# phenolic router table 24x32 sagging, fixes?



## nojrd (Dec 26, 2011)

I recently purchased a Bench Dog phenolic router table. It was warped even without the weight of the router and lift. Exchanged for a new one, which is perfectly flat. I'm concerned that it will be a matter of time before weight, use, and gravity catch up to it and cause it to sag. I have a baltic birch sub base and would like to add a gusset to the bottom of the baltic birch to help keep it flat. 
Any suggestions on what to use? Aluminum angle vs steel? How much does the metal stretch? Form, angle vs some fence extrusion? Something from 80/20?
John


----------



## bobj3 (Jan 17, 2006)

Welcome


----------



## 2bigfeet (Mar 3, 2011)

I'm guessing it is an issue with phenolic tops... seeing how Jessem reinforces their tops.

That looks like a pretty substantial aluminum angle. Maybe follow their idea?


----------



## jw2170 (Jan 24, 2008)

Welcome to the router forum.

Thank you for joining us, John.

If you are worried that the table will sag, I would reinforce with transverse lengths of aluminum angle close to the insert base.


----------



## Mike (Nov 22, 2004)

John, the Router Workshop tables do not sag with Formica and I am in the process of building 3 tables of similar design with phenolic impregnated Baltic birch plywood.
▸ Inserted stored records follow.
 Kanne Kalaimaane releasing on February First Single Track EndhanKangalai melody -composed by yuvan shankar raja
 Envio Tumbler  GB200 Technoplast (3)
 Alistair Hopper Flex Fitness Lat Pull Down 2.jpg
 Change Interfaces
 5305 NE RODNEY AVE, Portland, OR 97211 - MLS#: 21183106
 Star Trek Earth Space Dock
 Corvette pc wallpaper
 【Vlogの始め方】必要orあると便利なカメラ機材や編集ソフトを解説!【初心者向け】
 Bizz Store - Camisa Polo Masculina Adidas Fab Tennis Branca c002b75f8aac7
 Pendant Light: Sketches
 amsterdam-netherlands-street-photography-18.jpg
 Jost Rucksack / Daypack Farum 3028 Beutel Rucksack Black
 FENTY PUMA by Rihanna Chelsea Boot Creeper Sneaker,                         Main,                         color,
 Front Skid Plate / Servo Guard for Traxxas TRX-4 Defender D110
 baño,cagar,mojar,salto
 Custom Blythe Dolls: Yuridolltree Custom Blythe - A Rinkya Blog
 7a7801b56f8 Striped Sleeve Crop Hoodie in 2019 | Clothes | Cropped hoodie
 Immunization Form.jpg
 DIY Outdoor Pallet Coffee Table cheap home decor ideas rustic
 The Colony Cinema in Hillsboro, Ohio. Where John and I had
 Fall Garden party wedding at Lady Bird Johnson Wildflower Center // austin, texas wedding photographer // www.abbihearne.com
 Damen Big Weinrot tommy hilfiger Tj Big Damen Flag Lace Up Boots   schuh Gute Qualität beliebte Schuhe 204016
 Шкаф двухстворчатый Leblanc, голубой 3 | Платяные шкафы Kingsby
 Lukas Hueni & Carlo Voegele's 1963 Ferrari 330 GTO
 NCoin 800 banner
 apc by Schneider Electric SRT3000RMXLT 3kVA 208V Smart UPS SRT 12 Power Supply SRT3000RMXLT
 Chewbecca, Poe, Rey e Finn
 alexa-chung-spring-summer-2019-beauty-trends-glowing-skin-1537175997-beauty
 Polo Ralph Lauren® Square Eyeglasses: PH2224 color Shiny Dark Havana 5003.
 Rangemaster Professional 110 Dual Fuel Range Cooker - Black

I noticed the phenolic does mark from clamping pressure. I believe if you use similar support you should not have any problems.


----------



## nojrd (Dec 26, 2011)

thanks for the input. I recall seeing the supports on the Jessem phenolic router table with built in lift. Interesting that Jessem did not have these on their prior phenolic table. If Jessem selected aluminum, I trust it will work. I thought aluminum would be more likely to stretch and sag than steel. Even so, getting a dead flat piece of aluminum would be much easier anyway, so aluminum wins. 
I have a 3/4 baltic birch flat base with 3/4 inch phenolic top. It will support an incra Master II lift, Porter Cable 7518, and Rocker sheet steel box. Put it all on a scale and got 36 lbs! Furthermore, the inside rail measures of the stand are 21x16 inches unsupport. Think it best to reinforce the belly from sagging.


----------